Elle commença à hyperventiler et à gesticuler. Briac reçut un coup de coude dans le menton et un coup de pied dans le tibia. Un grésillement de colère naquit dans ses paumes. Mélia s'interposa entre le Péragore et sa tante.

— Qu'est-ce que tu fais, Briac ? demanda-t-elle, sur la défensive.

— Rien, rien, marmonna-t-il honteux en cachant ses mains derrière son dos.

Ce petit dérapage de Briac eut le mérite de calmer Nadine. Elle retrouva d'ailleurs totalement ses esprits quand elle aperçut Estéban, luminescent, quelques mètres en deçà.

— Il faut le suivre, affirma-t-elle.

Les deux autres se retinrent de lui signifier que de toute façon, ils n'avaient pas le choix. Le petit garçon, une nouvelle fois, les guidait vers un avenir incertain. Un halo de lumière épousait sa silhouette, ce qui permit au trio d'avancer d'un bon pas en évitant les pièges du sol. Ils débouchèrent assez rapidement dans une cavité circulaire, toute suintante de gouttelettes d'eau.
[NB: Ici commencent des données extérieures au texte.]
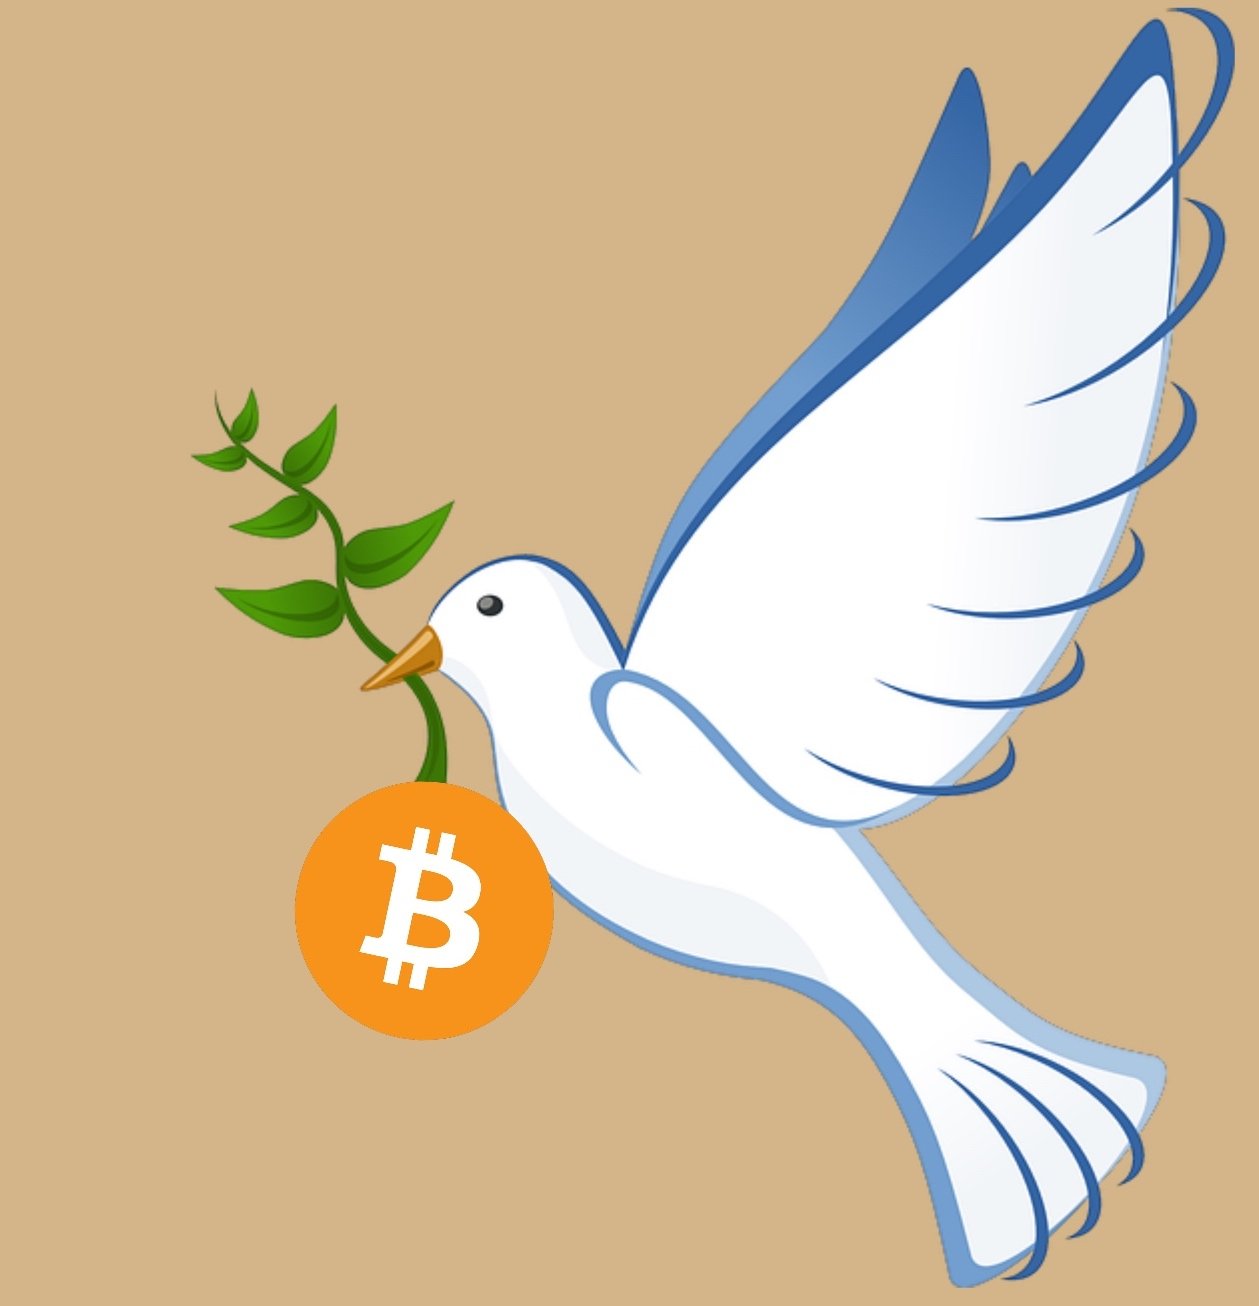 Bitcoinpeace.jpg

— Ça ne fait pas naturel, commenta Mélia. Les murs sont trop lisses et arrondis. On se croirait dans une géode.

— Regardez, il y a un socle de pierre avec des gravures, constata à son tour Briac.

Estéban se tenait bien droit juste à côté. Son corps irradiait suffisamment de lumière pour que le trio contemple l'entrelacs de sillons finement ciselés dans le granit.

— Qu'est-ce que c'est ? demanda Nadine en effleurant du bout des doigts les lignes délicates.

— Je ne sais pas, répliqua Mélia, mais j'ai déjà vu quelque chose comme ça...

— Ça ! exulta Briac en brandissant le cylindre. Regardez, ses bases reproduisent exactement le même dessin que sur cette roche.

Sans attendre l'assentiment de ses compagnes, il le plaça sur le socle, au centre, là où les formes s'épousaient parfaitement. Il y eut un déclic, comme ceux que Mélia avait pu entendre avant l'ouverture de chaque message, puis le cylindre se mit doucement à tourner sur lui-même. Les deux petites topazes qui ornaient les bases libérèrent de la lumière. Des images s'animèrent sur les murs lisses de la cavité. La multitude de gouttelettes d'eau qui les recouvraient créait une transparence rayonnante capable de rendre la profondeur de champ adéquate à une projection 3D.

Briac et Nadine, stupéfaits, avaient reculé de quelques pas. Au contraire, Mélia, avide de découvrir le nouveau message, s'était rapprochée d'Estéban et de la source émettrice.